University of Pennsylvania Museum of Archaeology and Anthropology

Rugs and Facebook: “Battleground War Rugs from Afghanistan”

By: Gabrielle Niu

April 4, 2011

The big white helicopters on this patterned rug, among the fighter jets, hand grenades and tanks, are Soviet Mi-24 Hind attack helicopters. Made in Afghanistan, 1980s, 203 x 119 cm. Photo © Textile Museum of Canada.

With the political uprisings that have swept across the Middle East and Northern Africa in the past few months, we see the important role that social media has played in elucidating the general public as well as in creating and portraying a cohesive national voice for the people themselves during times of conflict.  Without the immediacy of media or of Facebook and Twitter, however, people in the past have found other ways to record and express the shared experiences of national tumult and upheaval.

Starting 30 April 2011 and running through 31 July 2011, the travelling exhibition Battleground War Rugs from Afghanistan will be running at the Penn Museum.

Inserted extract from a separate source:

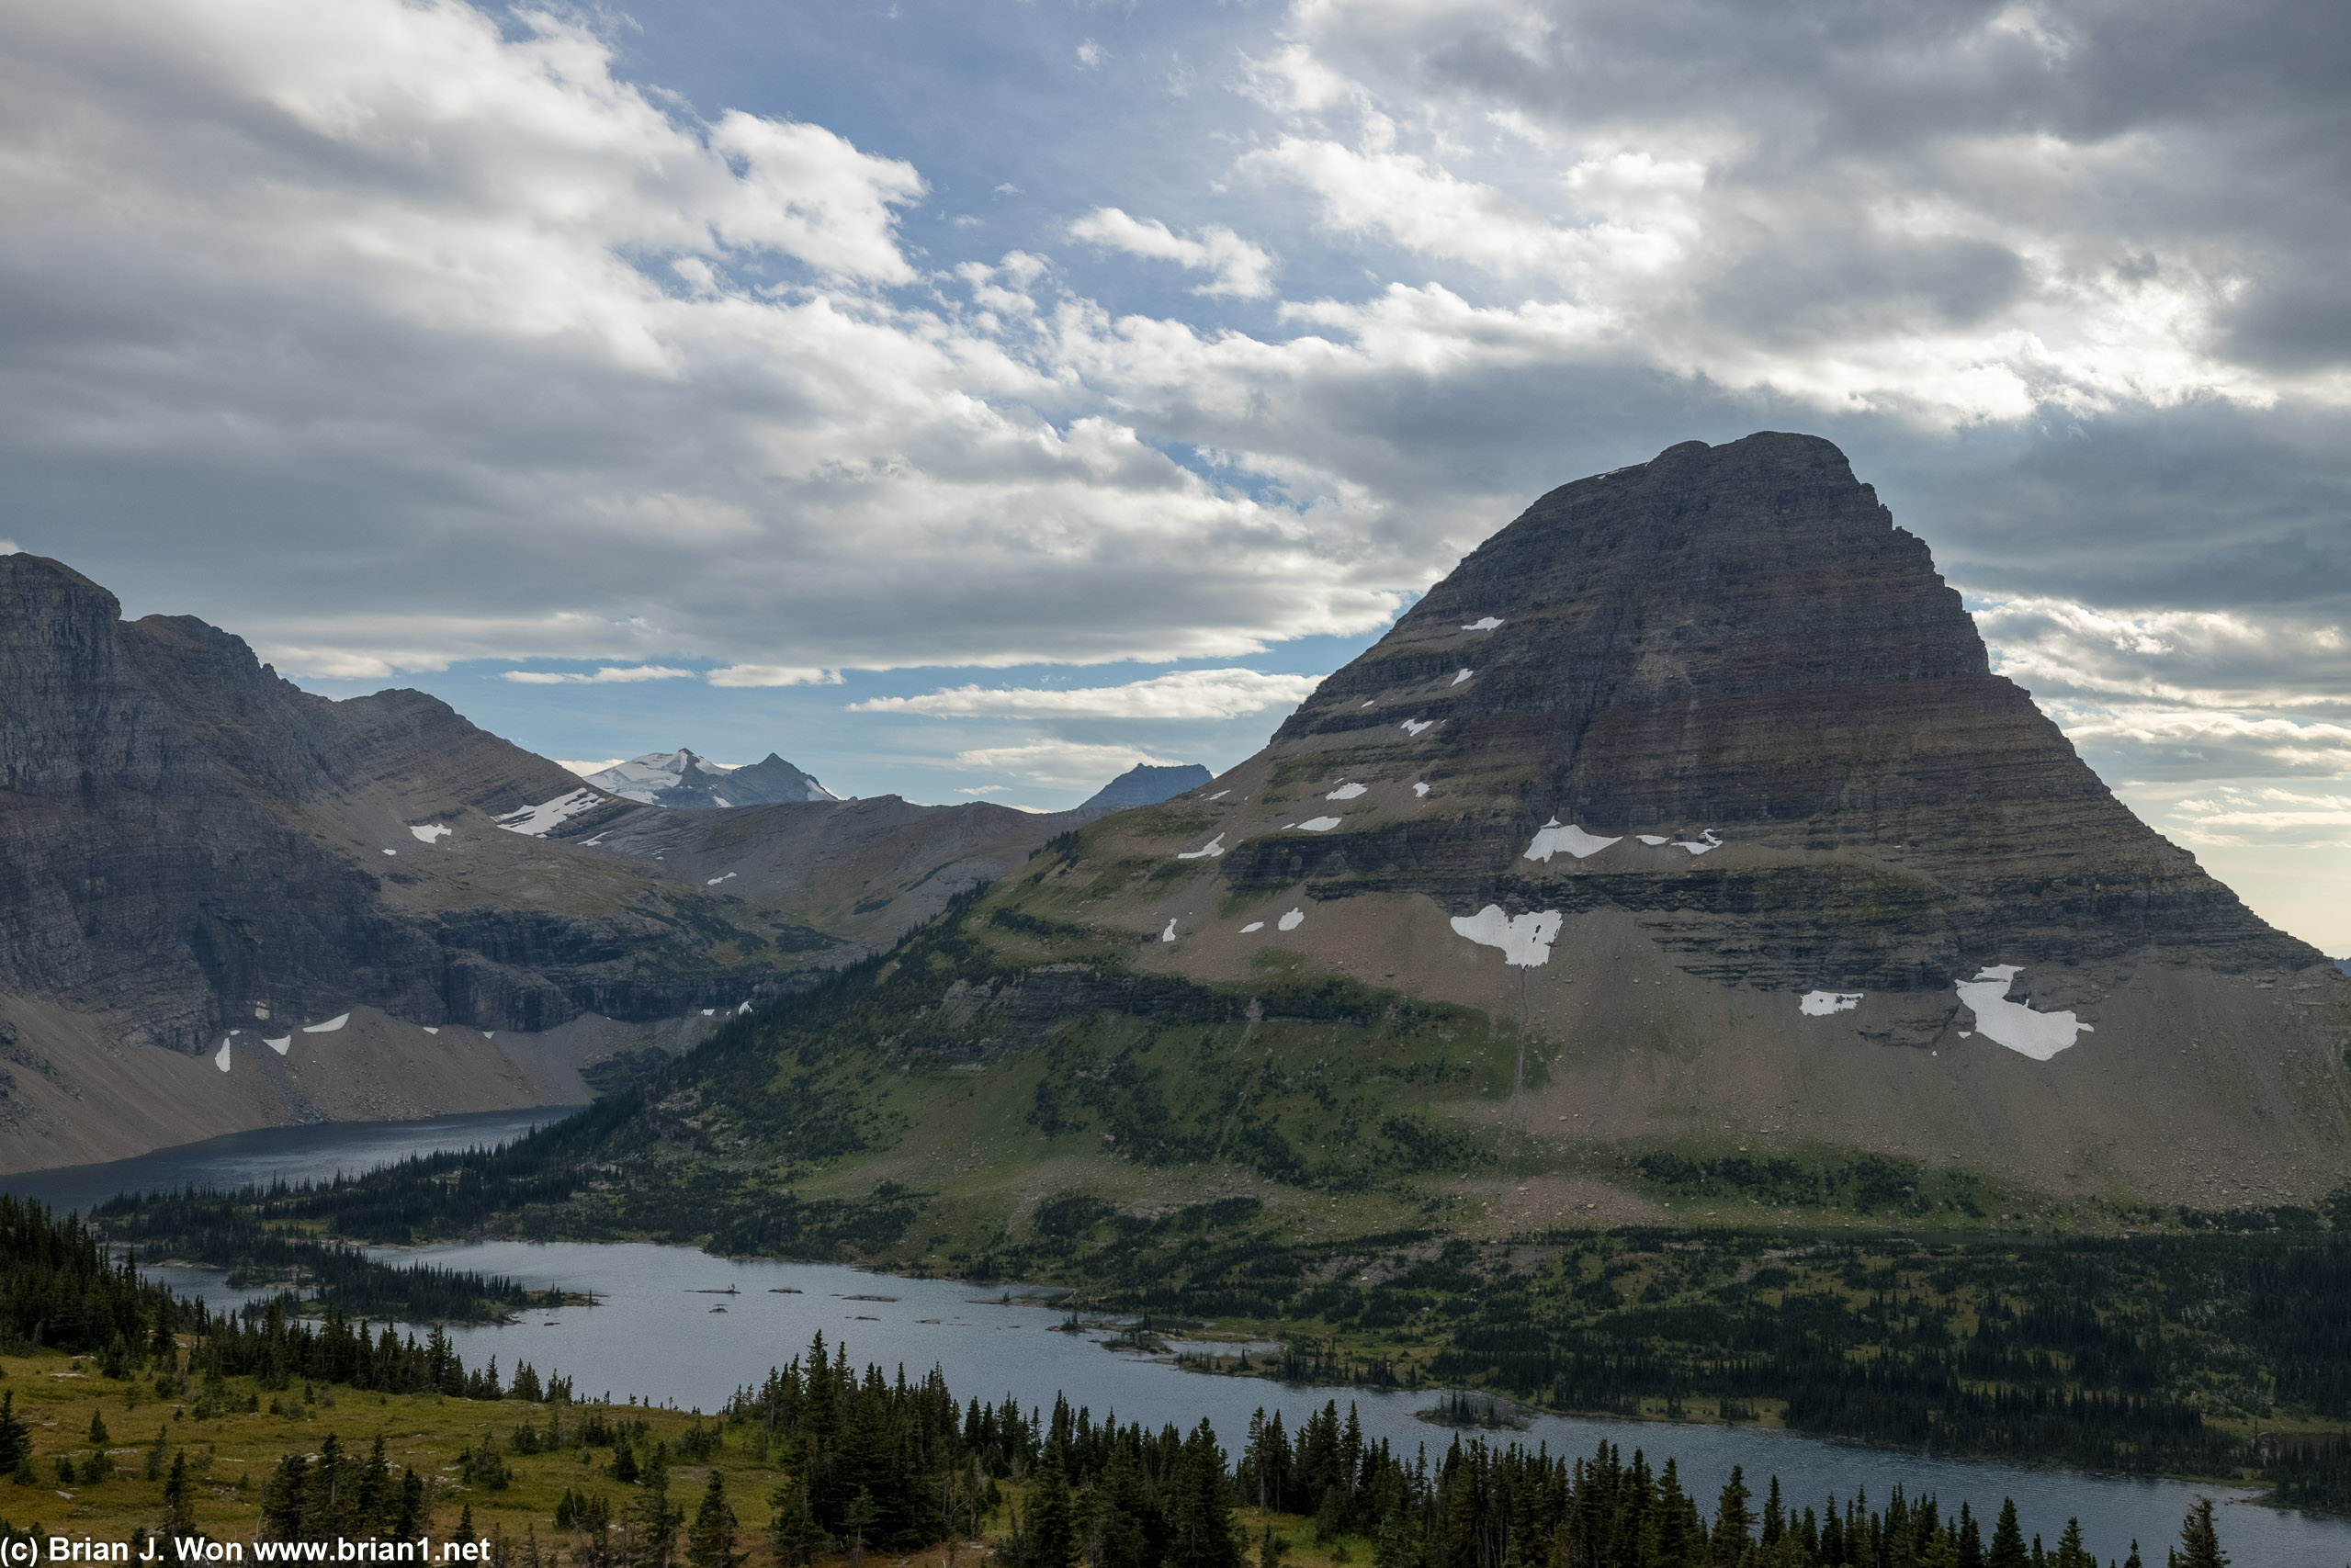 Bearhat Mountain dominates the view over Hidden Lake.

The exhibition is coming to Penn from the Textile Museum of Canada where curator Max Allen has used this exhibition to highlight how three decades of Afghani violence and warfare have influenced and ultimately transformed the imagery and iconography of the traditional Oriental rug. As Allen prefaces in his curatorial essay, rugs from Afghanistan traditionally have depicted flowers or birds in geometric patterns, woven with techniques and materials that reflected a specific region or ethnic group. With the Soviet invasion of 1970, followed by ten years of civil war, and most recently the global war on terrorism, bombs, helicopters, and guns have found themselves woven into the designs of Afghanistan’s rugs.

This rug shows the most important piece of weaponry to an Afghan guerilla fighter—the AK-47. Because of its durability and ease of use, the Kalashnikov, in its various forms, remains the most widely used assault rifle in the world. Made in Afghanistan, 2001-2007, 85 x 62 cm. Photo © Textile Museum of Canada.

Originally the weavers, primarily women, used the rugs in their own communities as a medium to record and express the violence and warfare in their lives, weaving guns and tanks into intricate geometric designs. However, as the war rugs gained popularity with western audiences, the war imagery became bolder and more commercialized, depicting towns with helicopters circling overhead or blatant images of weaponry. We see in these rugs how some Afghanis have taken the shared experiences of catastrophe and woven them into tangible artifacts of war. In this way, these rugs serve as tangible evidence to preserve and visualize the Afghanistan war experience.

  • İ find these war rugs really interesting, a friend of mine picked one up in a thrift shop and had it in their lounge for weeks without noticing the AK47’s and helicopters incorparated in the design!